Problem location: source query of triplesMap
[id: mapping--981465955
target atoms: triple(s,p,o) with s/RDF(TmpToSTRING("s"),IRI), p/<http://purl.org/dc/elements/1.1/contributor>, o/RDF(TmpToSTRING("o"),rdfs:Literal)
source query: SELECT * FROM "rdd1020132241_httpp3ap2fp2fpurlcorgp2fdcp2felementsp2f1c1p2fcontributor_xmlschemap23string_lang"]
  at it.unibz.inf.ontop.spec.mapping.pp.impl.SQLPPMappingConverterImpl.getRAExpression(SQLPPMappingConverterImpl.java:144)
  at it.unibz.inf.ontop.spec.mapping.pp.impl.SQLPPMappingConverterImpl.convert(SQLPPMappingConverterImpl.java:60)
  at it.unibz.inf.ontop.spec.mapping.impl.SQLMappingExtractor.convert(SQLMappingExtractor.java:235)
  at it.unibz.inf.ontop.spec.mapping.impl.SQLMappingExtractor.convert(SQLMappingExtractor.java:206)
...

And my quick fix for this was to simply reassign each blank node as an unique IRI, after which I am able to perform queries. For example,

<http://www.w3.org/2002/07/owl/axioms#0> a       <http://www.w3.org/2002/07/owl#Axiom> ;
  <http://www.w3.org/2000/01/rdf-schema#comment>
          "Entity Regulation Rule 3. The relation 'STATs bind gp130 phosphotyrosines' 'null' 'Tyrosine phosphorylation of STAT1, STAT3 by IL6 receptor' was inferred because:\n reaction1 has an output that is the enabler of reaction 2." ;
  <http://geneontology.org/lego/evidence>
          <http://model.geneontology.org/ev_w_id_R-HSA-1112565_RO_0002629_R-HSA-1112602_Reactome_R-HSA-1059683> ;
  <http://purl.org/dc/elements/1.1/contributor>
          "https://reactome.org/content/detail/R-HSA-1059683" ;
  <http://purl.org/dc/elements/1.1/date>
          "2021-06-28" ;
  <http://purl.org/pav/providedBy>
          "https://reactome.org" ;
  <http://www.w3.org/2002/07/owl#annotatedProperty>
          <http://purl.obolibrary.org/obo/RO_0002629> ;
  <http://www.w3.org/2002/07/owl#annotatedSource>
          <http://model.geneontology.org/R-HSA-1112565> ;
  <http://www.w3.org/2002/07/owl#annotatedTarget>
          <http://model.geneontology.org/R-HSA-1112602> .
balhoff commented 3 years ago

@mileswhen the blank nodes are specified in the OWL mapping to RDF. Would it be possible for you to add a SPARQL CONSTRUCT step to transform these before using the files? I'm not very familiar with R2RML, but I'm surprised there wouldn't be a way to handle blank nodes like this.

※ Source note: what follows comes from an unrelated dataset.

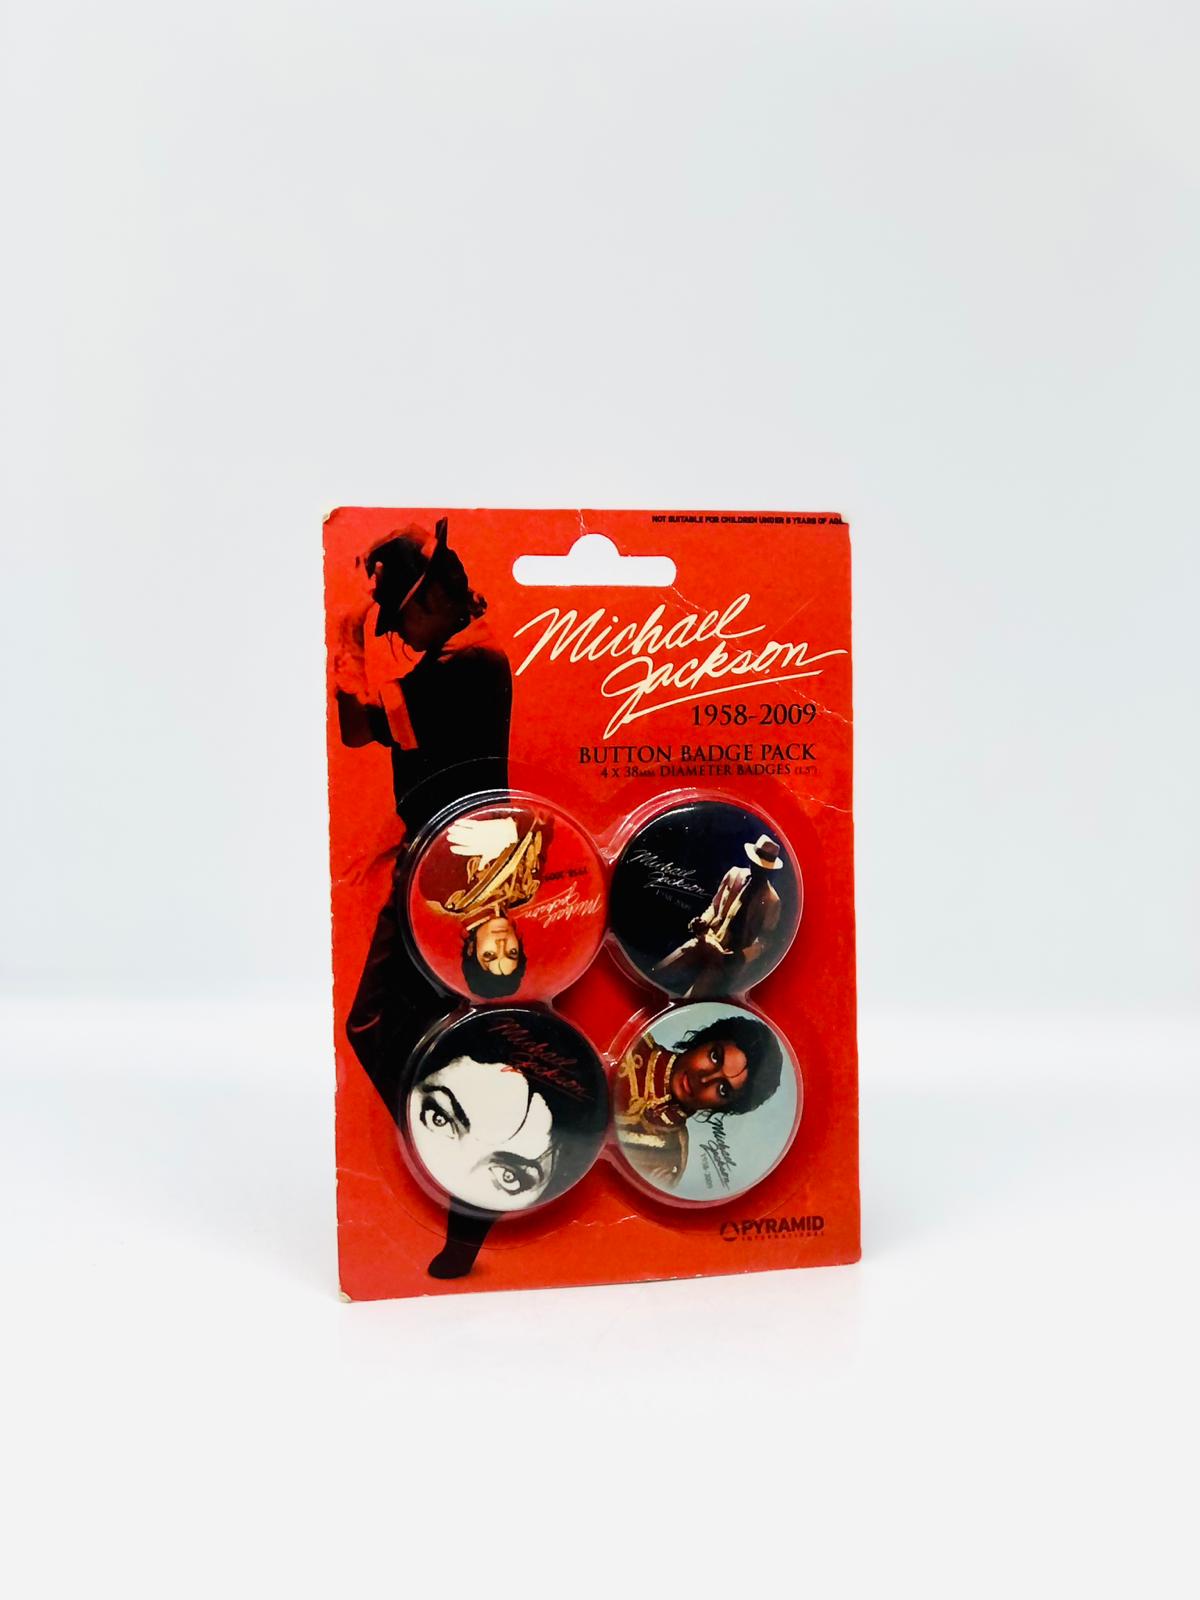 Rare Michael Jackson 1958-2009 Button Badge Pack Collectors MJ - Image 4 of 5

We could also explore making available some non-OWL RDF transformations if we can find something that would be generally useful.

mileswhen commented 3 years ago

@balhoff thanks for the reply and suggestion! I implemented the quick fix in Python to transform the files directly, but it should also be possible to perform a CONSTRUCT query in Jena ARQ to get the same result.

I'm not sure how important it would be to have this issue fixed. Though for any framework that uses R2RML (relational data to RDF), I think that anonymous blank nodes might be an issue, as described here.